Norway's $650B pension fund to require deforestation disclosure among portfolio companies

mongabay.com
November 12, 2012



BORNEO RAINFOREST.
Borneo rainforest. Photo by Rhett Butler.

Norway's $650 billion sovereign wealth fund will ask companies in which it invests to disclose their impacts on tropical forests, as part of its effort to reduce deforestation, reports Reuters. The move could usher in broader reporting on the forest footprint of operations and boost eco-certification initiatives.

In a policy posted on its web site in September, Norway’s Pension Fund said it now expects portfolio "to manage risk associated with the causes and impacts of climate change resulting from greenhouse gas emissions and tropical deforestation." The fund has investments in some 7,000 companies but the policy is initially directed at "companies with operations or value chains in sectors and regions materially exposed" to deforestation risk.

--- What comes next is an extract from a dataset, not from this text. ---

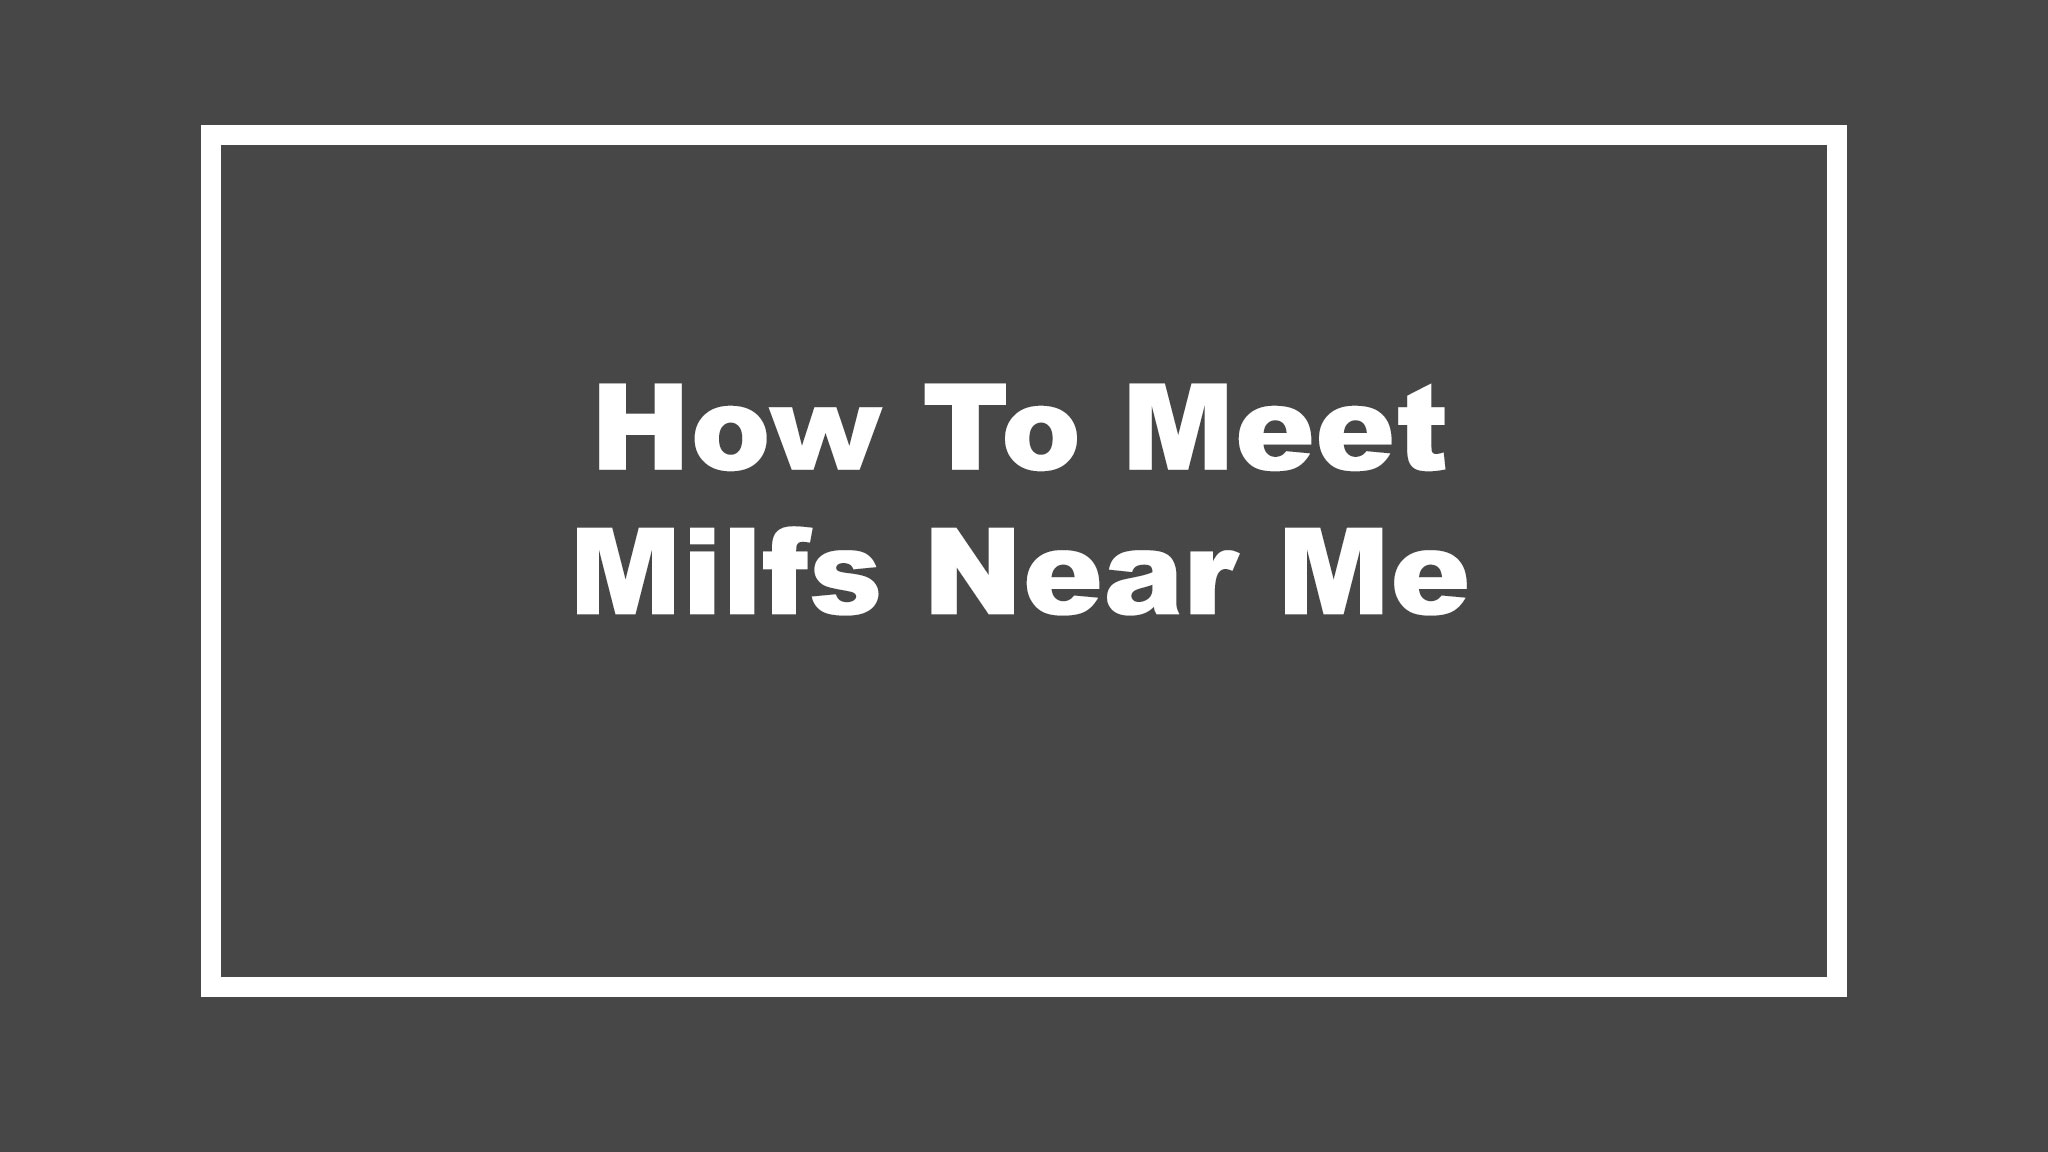 milfs near me

The move came after campaigners targeted the fund for continuing to invest in companies associated with deforestation — especially timber, palm oil, mineral, and wood pulp production — at a time when the Norwegian government has committed 3 billion krone per year ($522 million) toward protecting forests, making it the world's biggest patron of rainforest conservation.

Logging operation in Borneo.
Logging operation in Borneo. Photo by Rhett Butler.

The fund's new policy was welcomed Rainforest Foundation Norway, one of the groups that pushed for stronger investment criteria.

"This decision is a turnaround from the Norwegian government and an important step forward in the battle to save the world’s rainforests. Companies responsible for deforestation now get a message from one of the world’s largest investors that it is unacceptable to continue destroying rainforests for profit," said Lars Løvold, director of Rainforest Foundation Norway, in a statement.

"This decision strengthens Norway’s reputation as an advocate of rainforest protection. What remains now is to make this policy operational and demonstrate to the world that Norway is able to follow up on its high profile commitment to save the tropical forests."

As a first step, the fund will engage in an “ownership dialogue” on climate and forest issues with companies in its portfolio. The fund lists several questions it will consider in assessing deforestation risk.
  • Does the company disclose information on its tropical forest footprint, how it monitors its impact on tropical forests over time, and its assessment of whether it poses a risk to its business operations?
  • Has the company, or its suppliers, committed to achieve compliance with international standards for sustainable production of agricultural commodities, or sustainable forest management?
  • Does the company report on the implementation of its commitments to reduce tropical deforestation?
The new policy doesn't state the implications for non-compliance, but in recent years the fund has divested from six companies involved in especially egregious deforestation.

Norway's Pension Fund is thought to be the world's largest sovereign wealth fund. Launched in 1990, the fund is a product of Norway's oil revenue.